■ What is being asked
Everything in the listing should be transcribed exactly, apart from the pictures.

■ Stored data
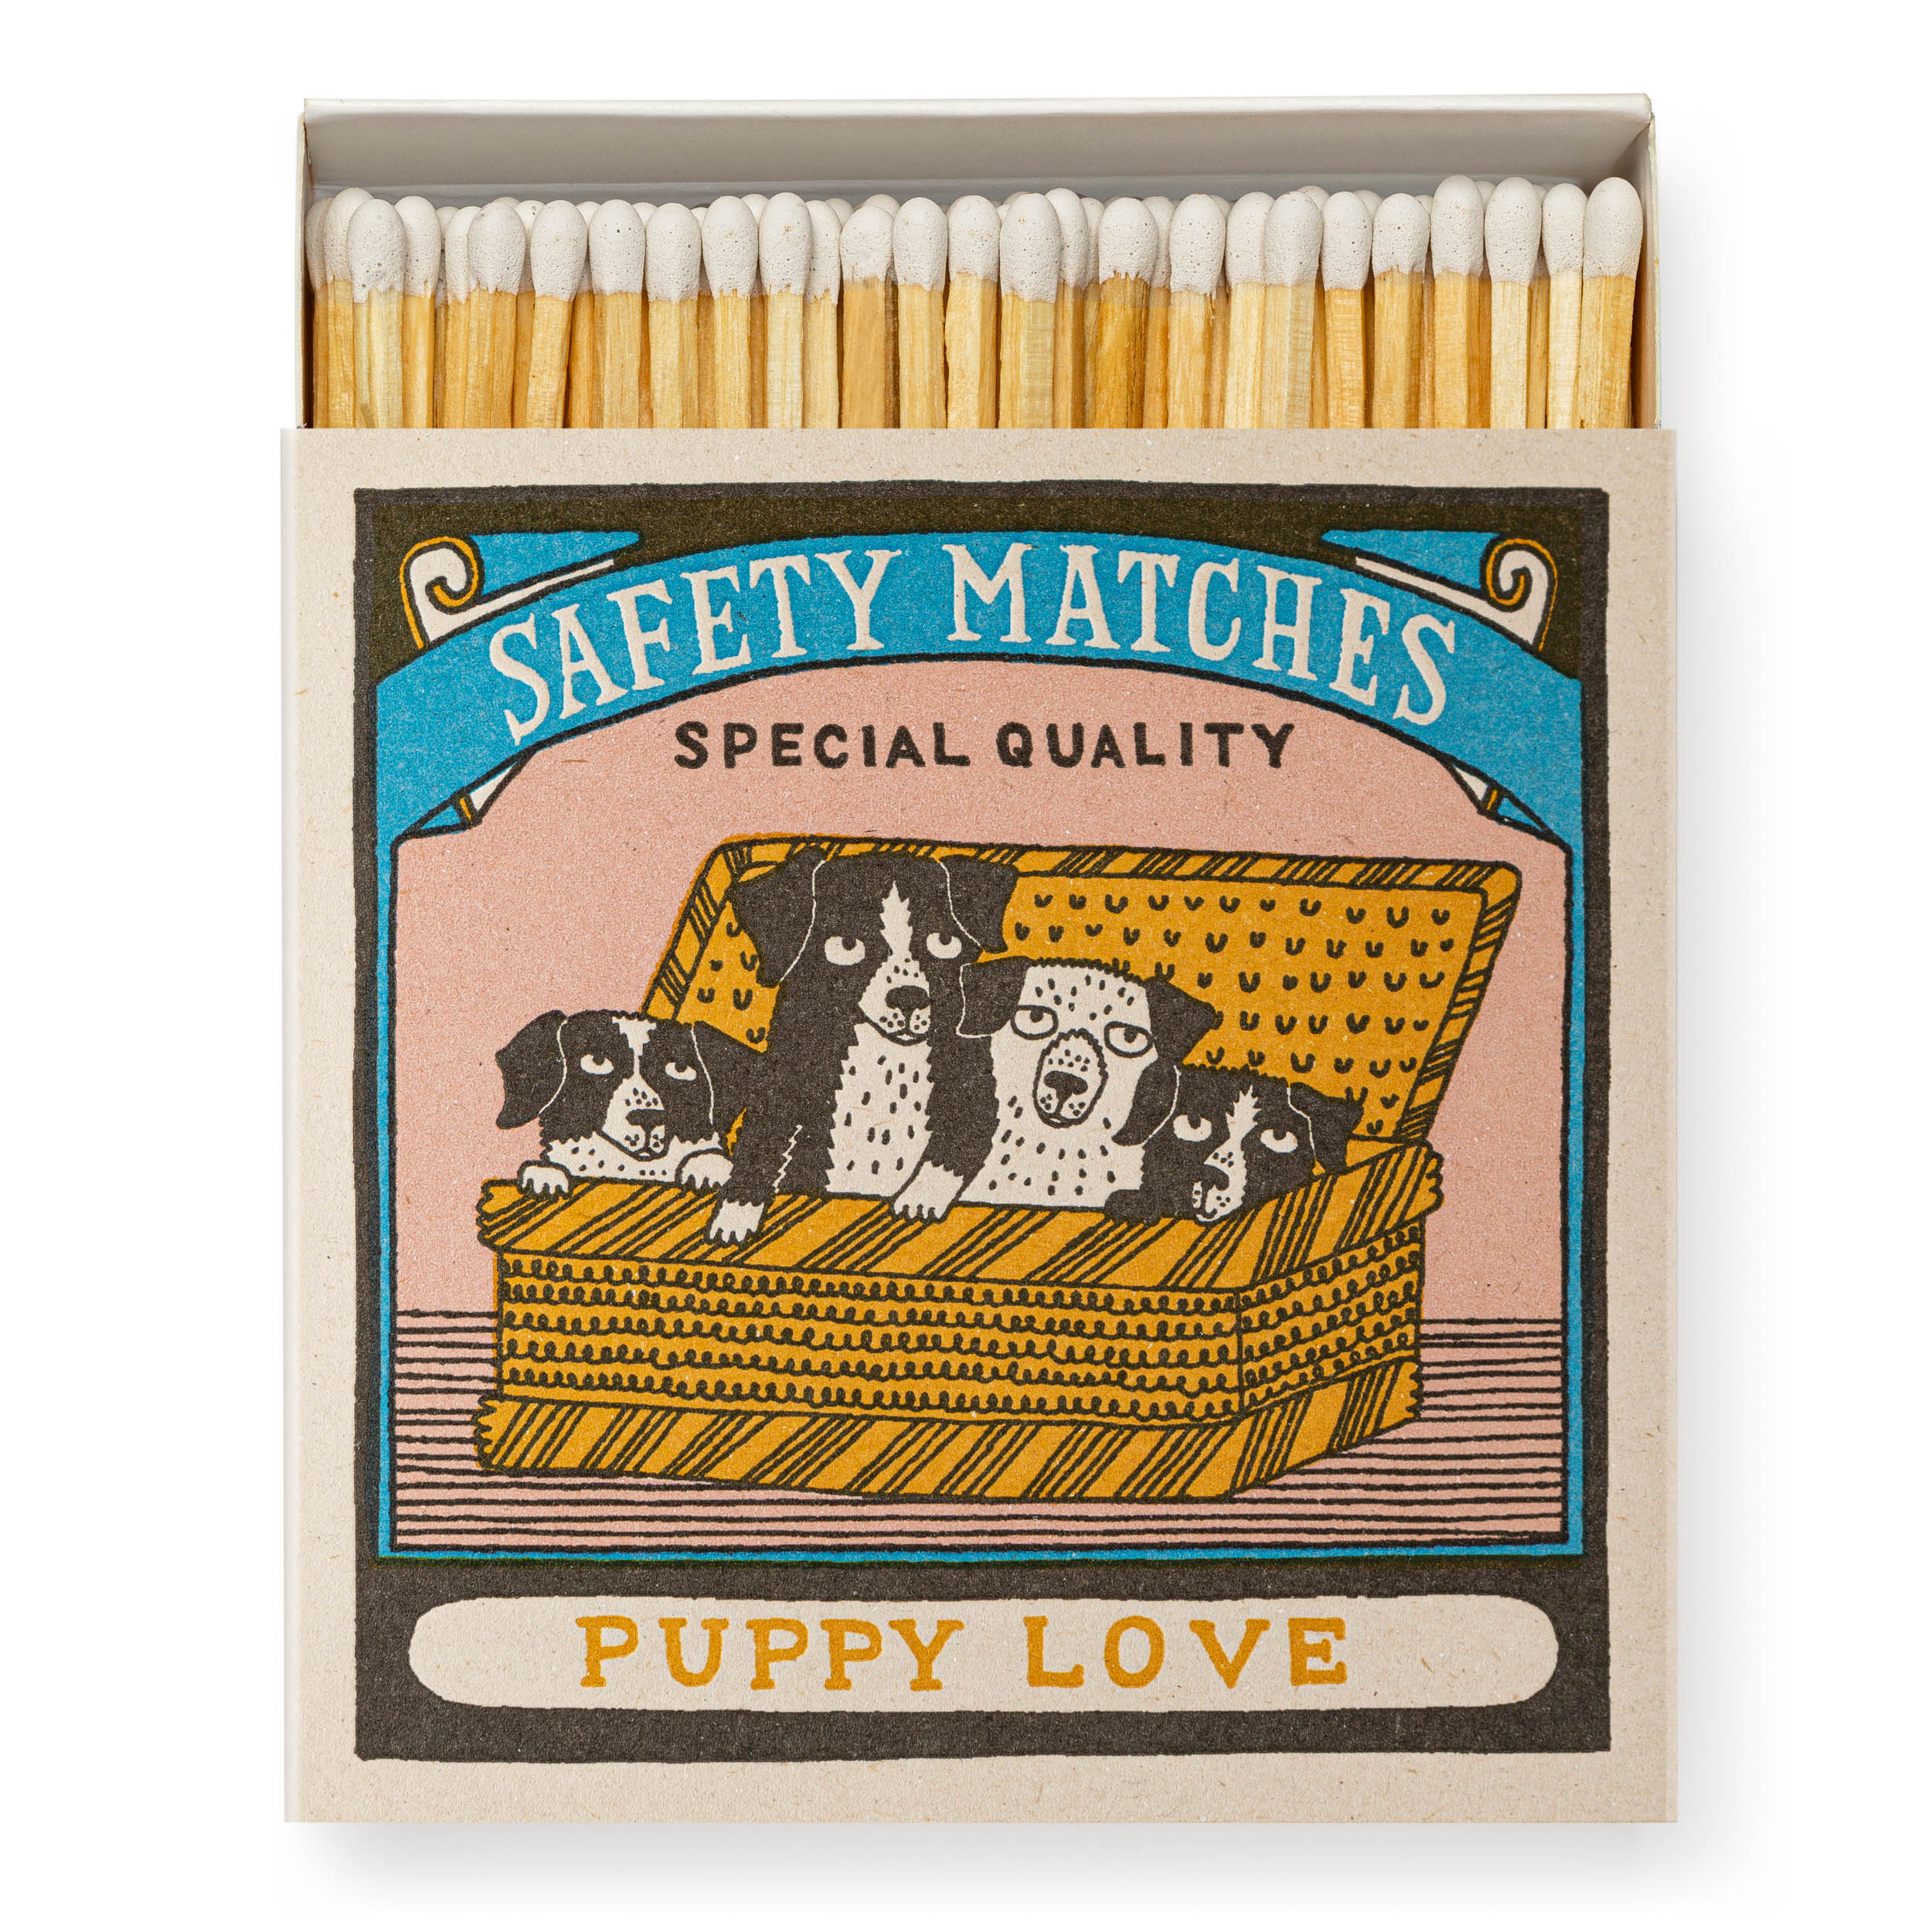 Puppy Love - Square Matchboxes - Charlotte Farmer - from Archivist Gallery 
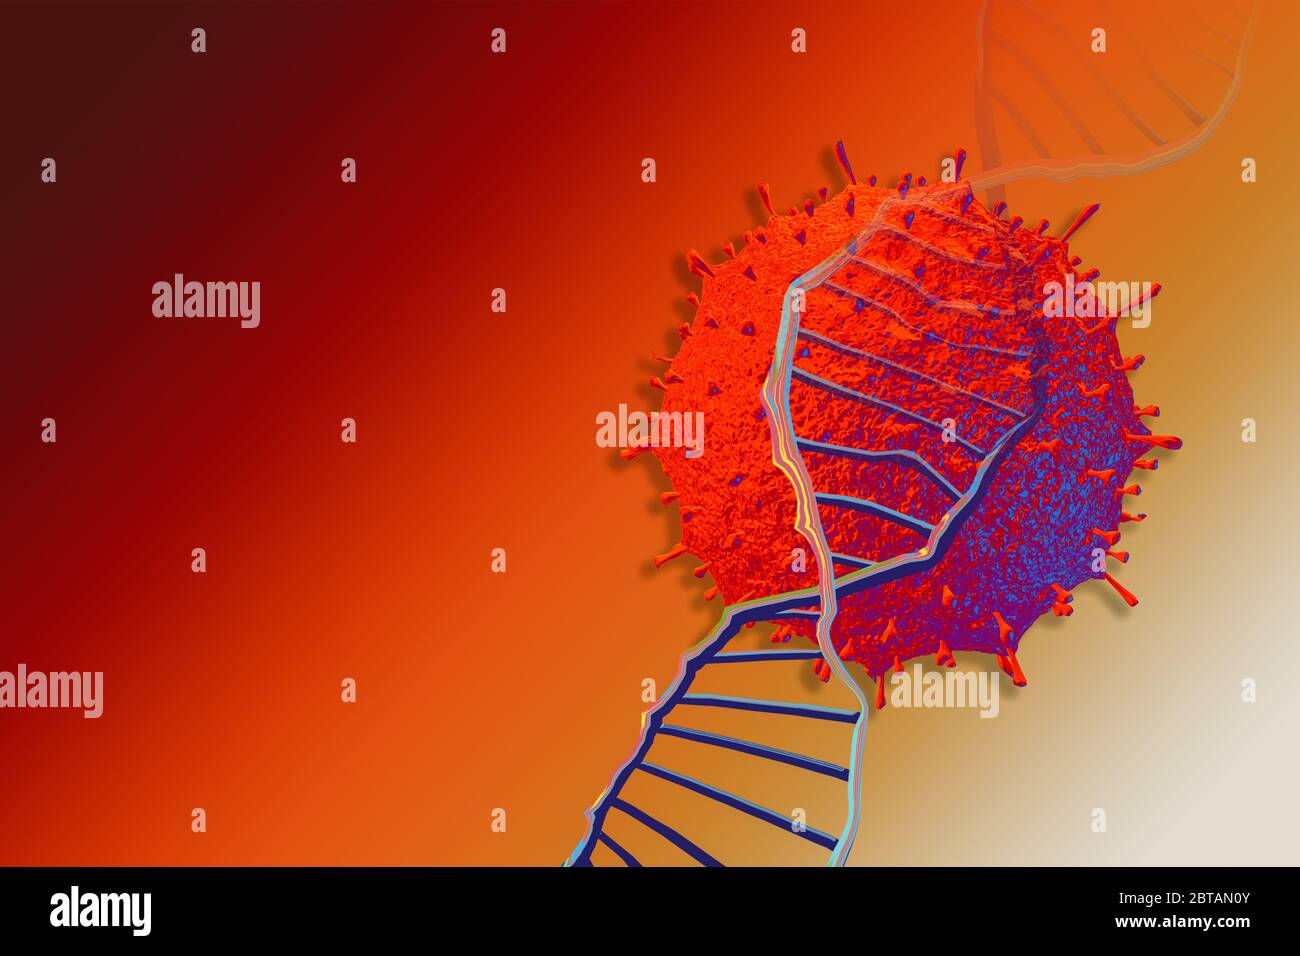 Coronavirus or influenza outbreak background. Flu strain with DNA research concept Stock Photo
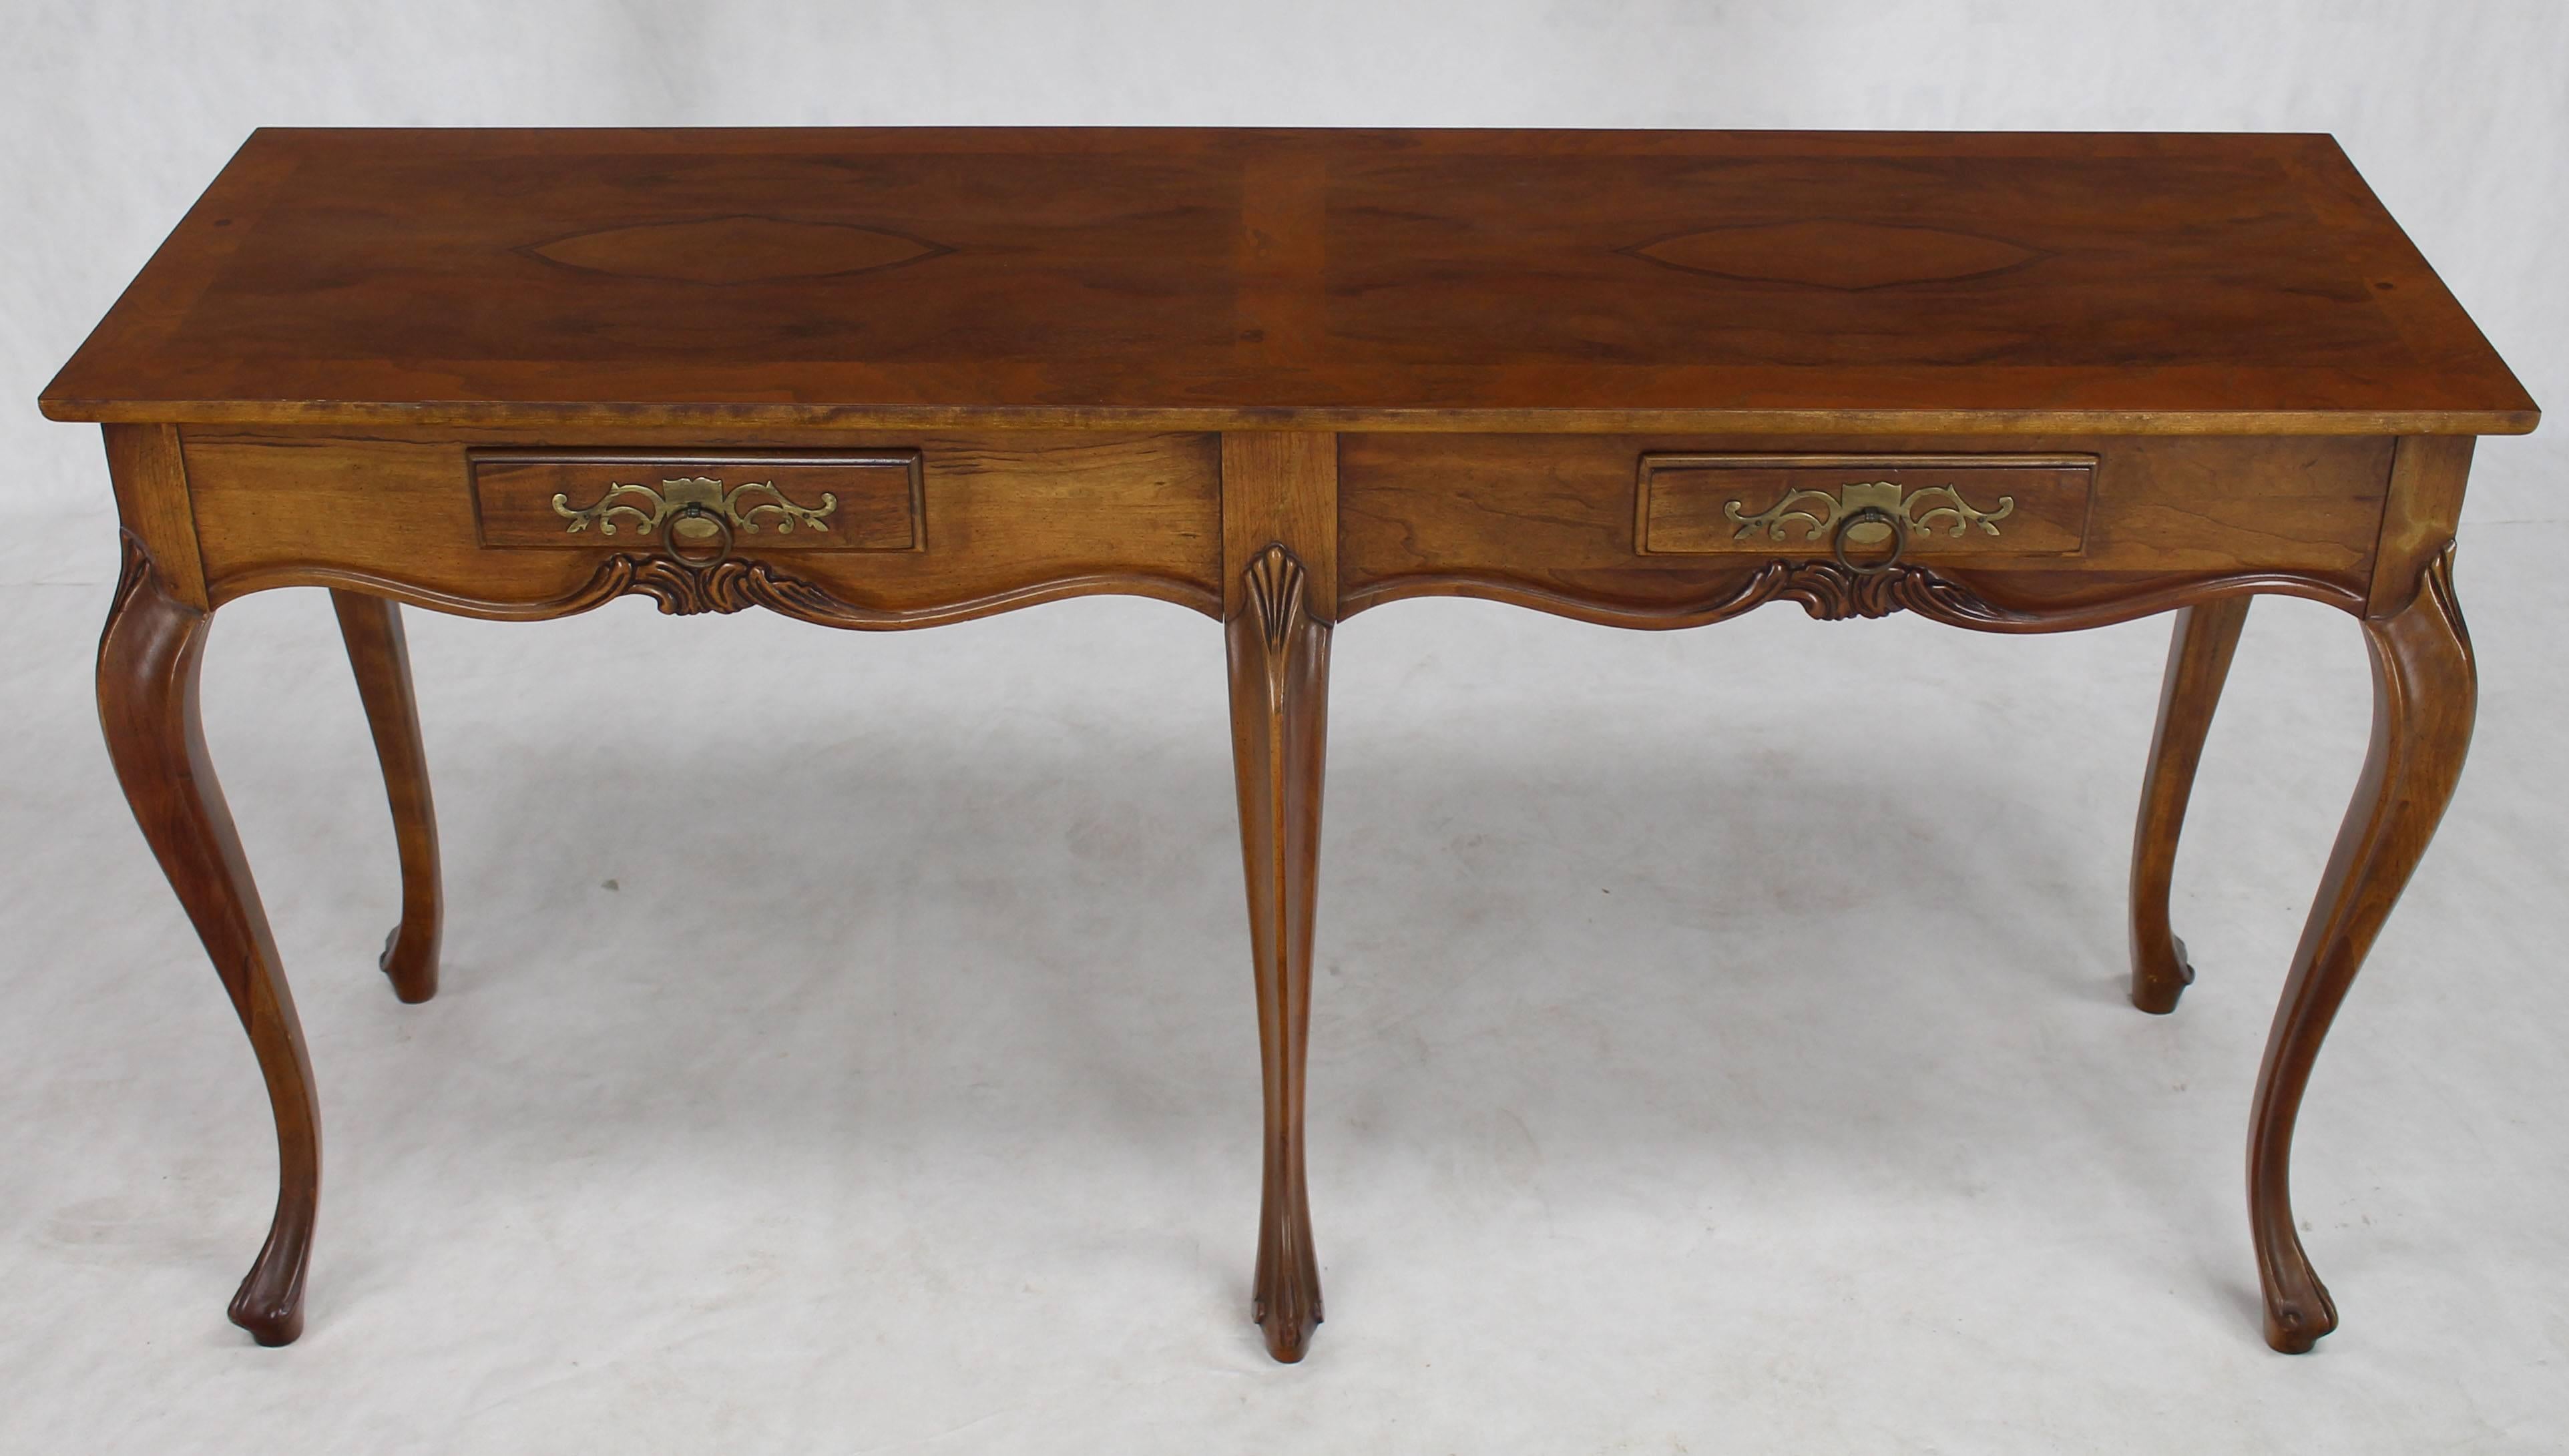 Baker walnut console table with two drawers.

■ Answer to the exercise
 Puppy Love - Square Matchboxes - Charlotte Farmer - from Archivist Gallery 
 Coronavirus or influenza outbreak background. Flu strain with DNA research concept Stock Photo
 Baker walnut console table with two drawers.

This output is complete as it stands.